I've also experienced odd bugs in Excel's autofill function, which makes it easy to copy a formula across columns or rows. It's possible for a file to become corrupted so that the cells referenced in the formula are wrong. Such errors are also often introduced by users, but I've experienced corrupted files containing formulae, which is pretty scary.
The response to this by many people is to say serious scientists shouldn't use Excel.  It's just too risky having software that can actively introduce errors into your data entry or computations.
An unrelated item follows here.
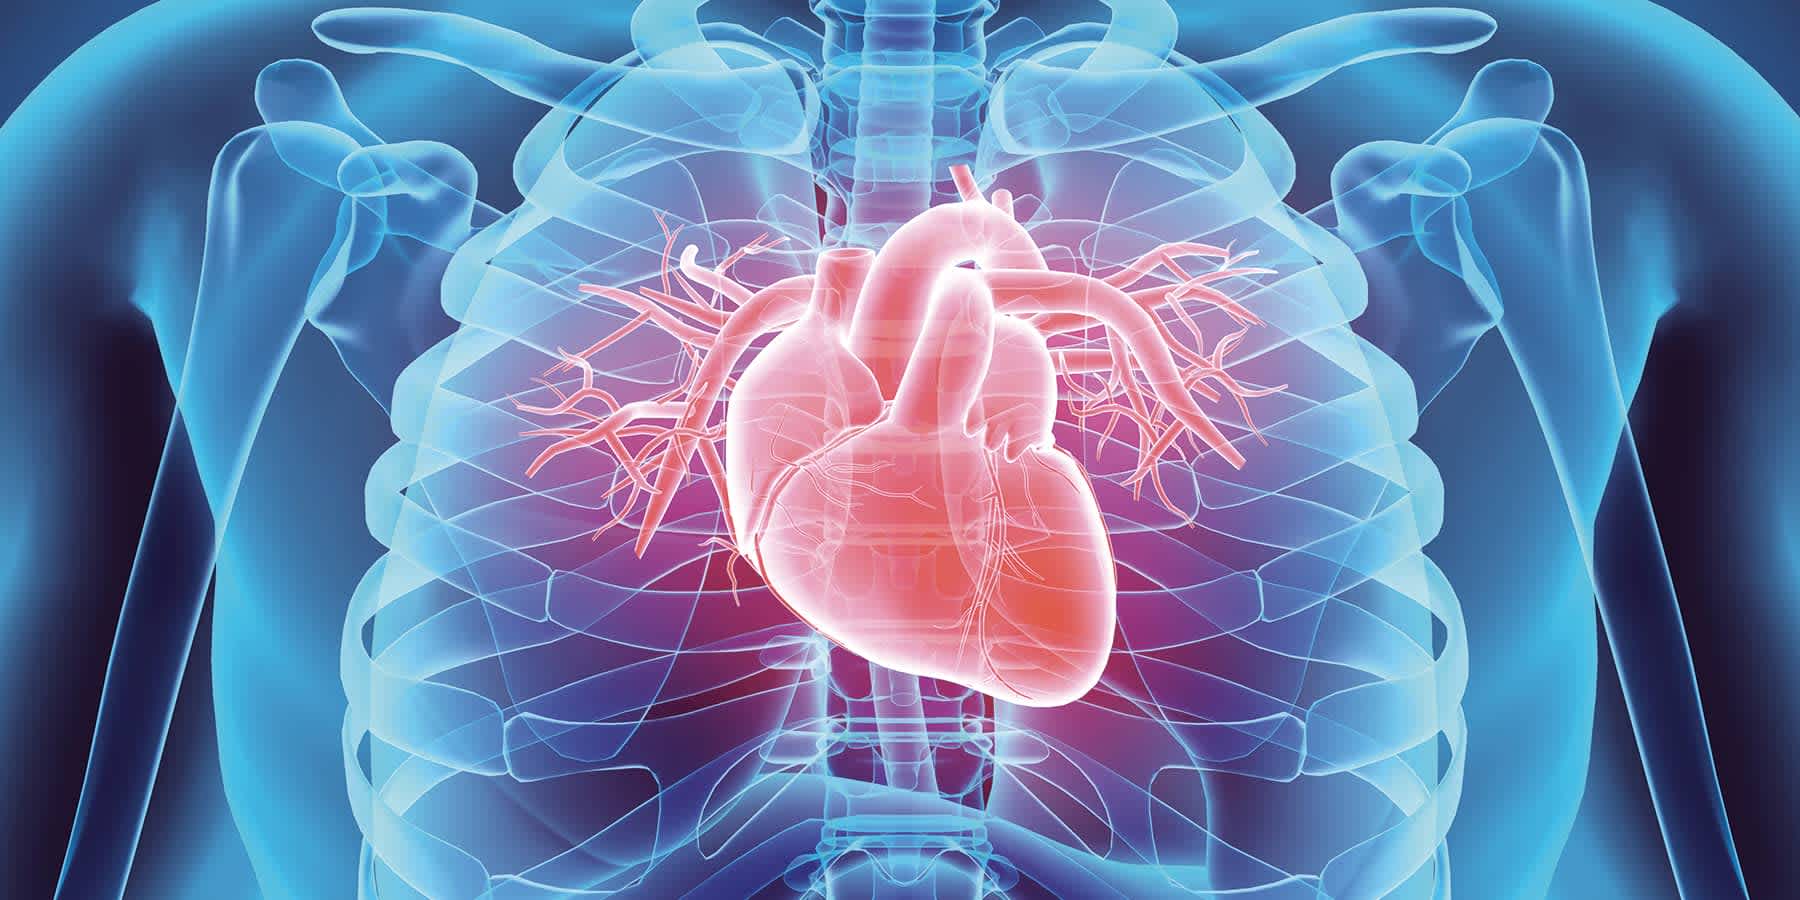 Heart Attack Symptoms, Risk, and Recovery

But people, including me, persist in using it, and we have to consider why.
So what are the advantages of keeping going with Excel?
Well, first, it usually comes for free with Microsoft computers, so it is widely available free of charge*. This means most people will have some familiarity with it –though few both to learn how to use it properly.
Second, you can scan a whole dataset easily: it's very direct scrolling through rows or columns. You can use Freeze Panes to keep column and row headers static, and you can hide columns or rows that you don't want getting in the way.
Third, you can format a worksheet to facilitate data entry. A lot of people dismiss colour coding of columns as prettification, but it can help ensure you keep the right data in the right place. Data validation is easily added and can ensure that only valid values are entered.
Fourth, you can add textual comments – either as a row in their own right, or using the Comment function.
Fifth, you can very easily plot data. Better still, you can do so dynamically, as it is easy to create a plot and then change the data range it refers to.
Sixth, you can use lookup functions. In my line of work we need to convert raw scores to standard scores based on normative data. This is typically done using tables of numbers in a manual, which makes it very easy to introduce human error. I have found it is worth investing time to get the large table of numbers entered as a separate worksheet, so we can then automate the lookup functions.
Many of my datasets are slowly generated over a period of years: we gather large amounts of data on individuals, record responses on paper, and then enter the data as it comes in. The people doing the data entry are mostly research assistants who are relatively inexperienced. So having a very transparent method of data entry, which can include clear instructions on the worksheet, and data validation, is important. I'm not sure there are other options of software that would suit my needs.
But I'm concerned about errors and need strategies to avoid them. So here are the working rules I have developed so far.
1. Before you begin, turn off any fancy Excel defaults you don't need. And if entering gene names, ensure they are entered as text.
2. Double data entry is crucial: have the data re-entered from scratch when the whole dataset is in, and cross-check the data files. This costs money but is important for data quality. There are always errors.
3. Once you have the key data entered and checked, export it to a simple, robust format such as tab-separated text. It can then be read and re-used by people working with other packages.
4. The main analysis should be done using software that generates a script that means the whole analysis can be reproduced. Excel is therefore not suitable. I increasingly use R, though SPSS is another option, provided you keep a syntax file.
5. I still like to cross-check analyses using Excel – even if it is just to do a quick plot to ensure that the pattern of results is consistent with an analysis done in R.  
Now, I am not an expert data scientist – far from it. I'm just someone who has been analysing data for many years and learned a few things along the way. Like most people, I tend to stick with what I know, as there are costs in mastering new skills, but I will change if I can see benefits. I've become convinced that R is the way to go for data analysis, but I do think Excel still has its uses, as a complement to other methods for storing, checking and analysing data. But, given the recent crisis in genetics, I'd be interested to hear what others think about optimal, affordable approaches to data entry and data analysis – with or without Excel.

*P.S.  I have been corrected on Twitter by people who have told me it is NOT free; the price for Microsoft products may be bundled in with the cost of the machine, but someone somewhere is paying for it!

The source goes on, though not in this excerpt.